Please re-read that file before continuing.
Claude picks up with all the context from Day 1, re-reads the changed file, and continues the investigation.
Day 2 (afternoon): Fork to compare approaches
I think the fix is either:
A) Remove listeners in the disconnect handler
B) Use WeakRef for the listener callbacks
Let me try both.
Run /branch. In the original session, explore approach A. In the forked session, explore approach B.

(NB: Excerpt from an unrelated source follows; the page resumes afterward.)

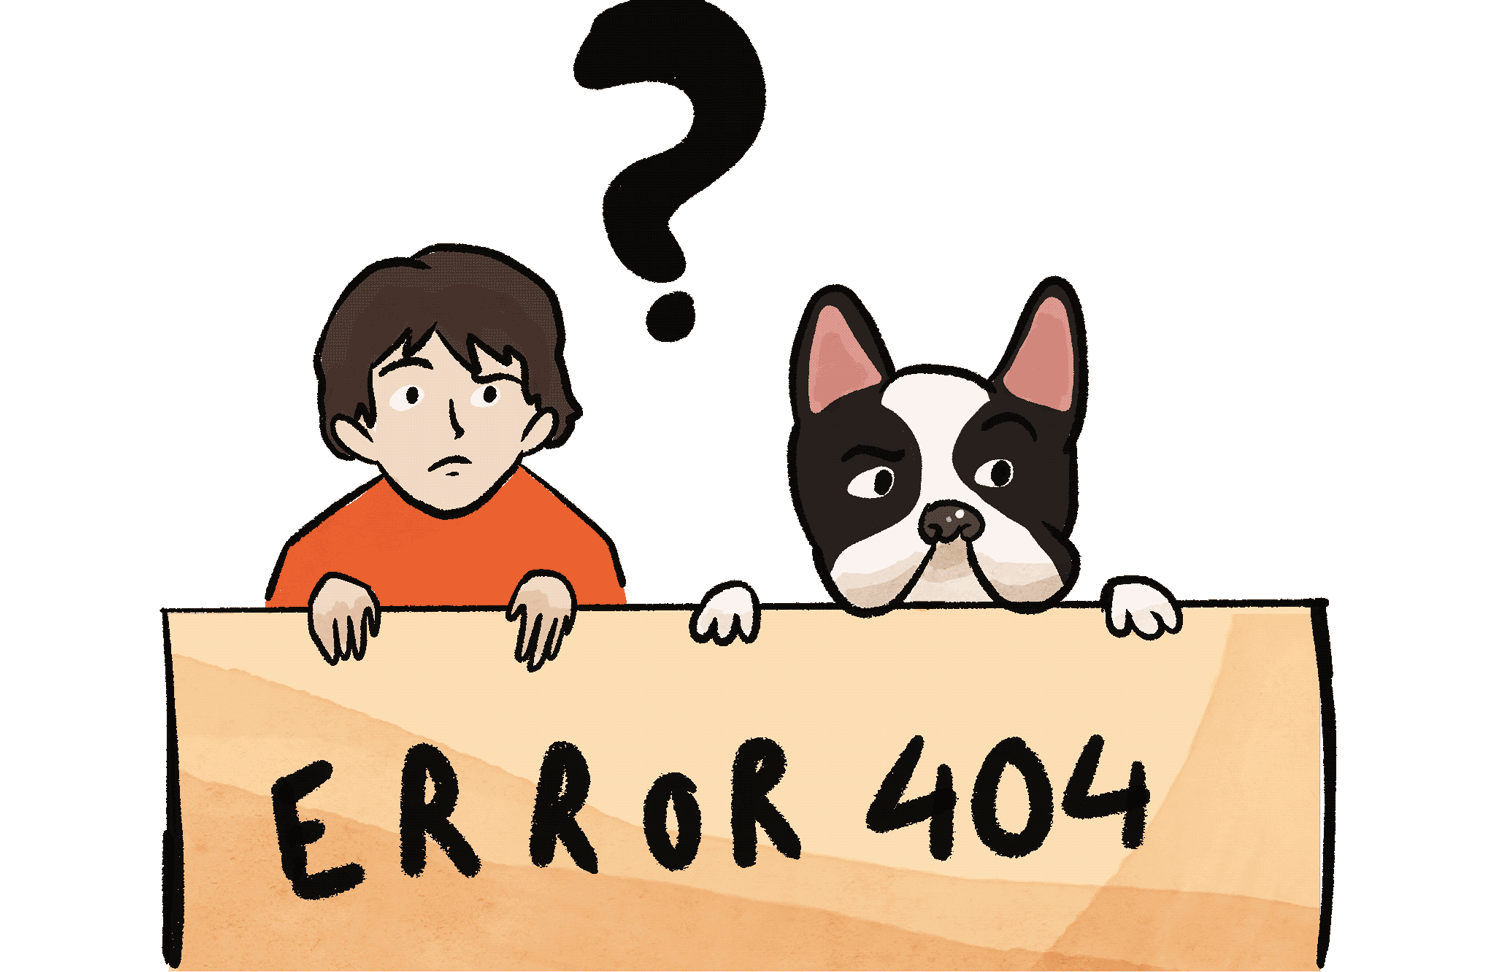 Marvin and Mia holding an error 404 sign

Day 3: Compact and converge
The original session has a lot of history. Compact it:
/compact Keep the memory leak diagnosis, the heap profiler results,
and approach A's implementation. Discard the early exploration that
led nowhere.
Compare both approaches, pick the winner, implement and test it.
Day 3 (end): Clean closure
The fix is in place and tests pass. Let's commit.
The session has a clear name, a complete investigation history, and a clean resolution. If the bug comes back in two weeks, you can resume this session to review what you tried.
Try With AI
Exercise 1: The Named Session Workflow (Create + Resume + Navigate)
Start a Claude Code session with a descriptive name:
claude -n session-management-practice
Ask Claude to read 2-3 files from your project and summarize what they do. Then exit the session (Ctrl+C or type /exit).
Now resume by name:
claude --resume session-management-practice
Ask Claude a question that depends on the files it read in the first part (for example, "based on the files you read earlier, which one would you modify to add feature X?"). Verify that Claude still has the context from the first part.
Now run /resume (without arguments) to open the session picker. Find your named session in the list. Press P to preview it. Press B to filter by branch.
What you're learning: Named sessions let you create persistent workspaces for ongoing investigations. The resume mechanism preserves full context including file reads and tool results. The session picker provides quick access to all your sessions. This is the foundation for multi-day workflows.
Exercise 2: Fork and Compare (Branch + Explore + Decide)
Start a Claude Code session and ask Claude to analyze a file in your project:
Read @path/to/some/file and suggest two different ways to improve it.
Don't make any changes yet.
Once Claude proposes two approaches, fork the session:
/branch
In the original session, ask Claude to implement approach 1. In the forked session (access it via /resume), ask Claude to implement approach 2.
Compare the results. Which approach produced cleaner code? Which was easier to implement?
What you're learning: Session forking lets you explore parallel paths from the same baseline without redoing the analysis phase. Both branches start with identical context. This is faster than starting a second investigation from scratch, especially when the analysis phase took significant time.
Exercise 3: The Stale Context Problem (Resume + Diagnose + Fix)
Start a named session and ask Claude to read a specific file:
claude -n stale-context-demo
Read @path/to/some/file.ts and summarize what the main function does.
Exit the session. Now edit that file manually (add a comment, rename a variable, or add a new function). Resume the session:
claude --resume stale-context-demo
Ask Claude about the change you made without telling it that the file changed:
What is the new function I added to that file?
Claude will not know about it because it has stale cached content. Now tell Claude about the change:
The file changed since our last session. I added a new function called
processItems. Please re-read @path/to/some/file.ts and then tell me
what processItems does.
What you're learning: Resumed sessions carry stale tool results. When files change between sessions, Claude references outdated content until you explicitly tell it to re-read. This is why the exam tests the "fresh start with summary" pattern: when many files have changed, starting fresh is more reliable than resuming with stale context.